Whatever approach you take, it is important to always have something happening on the screen during the narration – either text blocks appearing, or visuals appearing in sync with the narrative description.  Reading block after block of static text  verbatim usually is a attention-killer…

Listen to your room

One of the key elements that will affect the final quality of a narration recording is the sound of the room in which the recording is created. Many program developers record in an office that has heating, air conditioning and ventilation (HVAC) noises, computer fans, street  noises, or excessive reverberation.

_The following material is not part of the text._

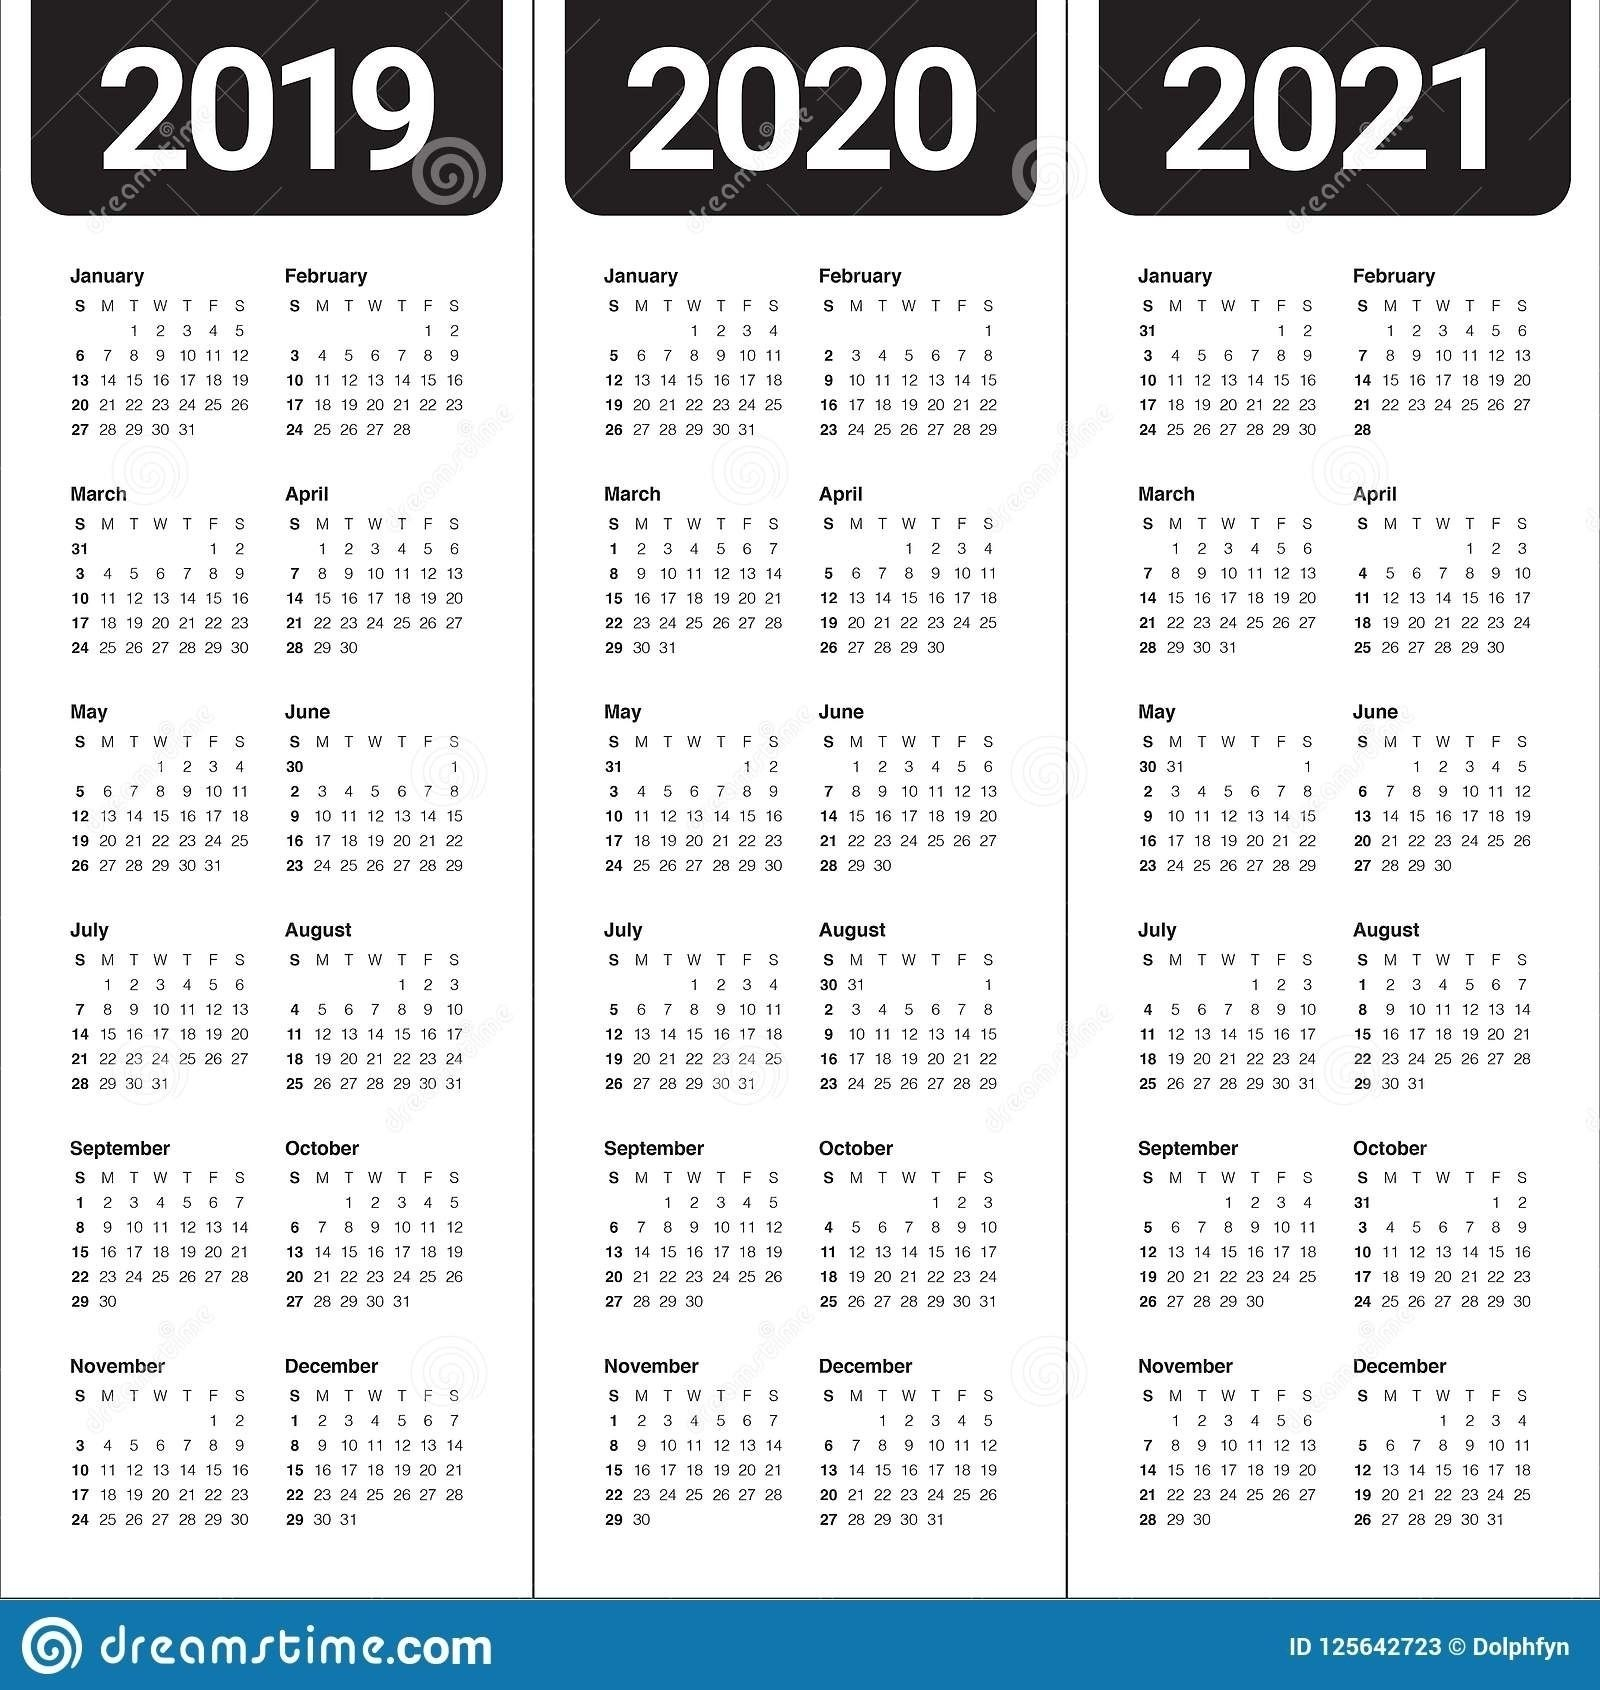 "Incredible 2 Year Calendar 2020 And 2021 In 2020 | Calendar  ""Depo Provera"" And ""Printable Calendar"" And 2021"

While these problems can be masked to some degree using processing tools, the optimal solution to select or create a room that provides a suitable environment for recording audio.  The characteristics to address include:

  • HVAC, computer fan and other noises – these are always present, and can be difficult to address.  If possible, select a room without a heating vent, and move your PC into a separate room (using long cables for the monitor, mouse and keyboard).  If not possible, then find a location in the area that is least affected by these noises.
  • Experiment with mic placement, and some soundproofing elements.  For computers, get extension cables for your monitor, and wireless keyboards and mice so that you can move the CPU fan as far from the mic as possible.
  • Reverberation – listen to your room to determine the level and characteristics of the reverberation.  Clap your hands sharply, speak loudly, and listen to how long the sound remains.  Many room have excessive reflective surfaces that will be noticeable on recordings.  In some cases, this can be addressed by a combination of microphone placement, and use of sound absorbing materials (either commercial sound absorbing surfaces such a acoustic foams, or ad hoc approaches, such as placing pillows or curtains around the recording area ).
  • Manage noise as much as possible – Be sure to close doors and windows to reduce external noises, shut down nearby PCs that are not in use, shut off overhead lighting that may have a noticeable hum (such as some florescent fixtures), ask nearby coworkers to keep their noise levels low, etc.
  • Move around  – in some cases, moving to a different position within the room can eliminate the major issues.  For example, moving from a corner or wall location to the middle of the room may eliminate some of the more problematic reflections.

I love Noise Gates

When you are speaking, the higher sound levels of your voice will mostly cover up the lower level ambient noise present within the room.  You can hear it if you are looking for it, but in many cases, background noises can be effectively masked by your voice. However, the ongoing ambient noise becomes much more apparent during the pauses between words and sentences.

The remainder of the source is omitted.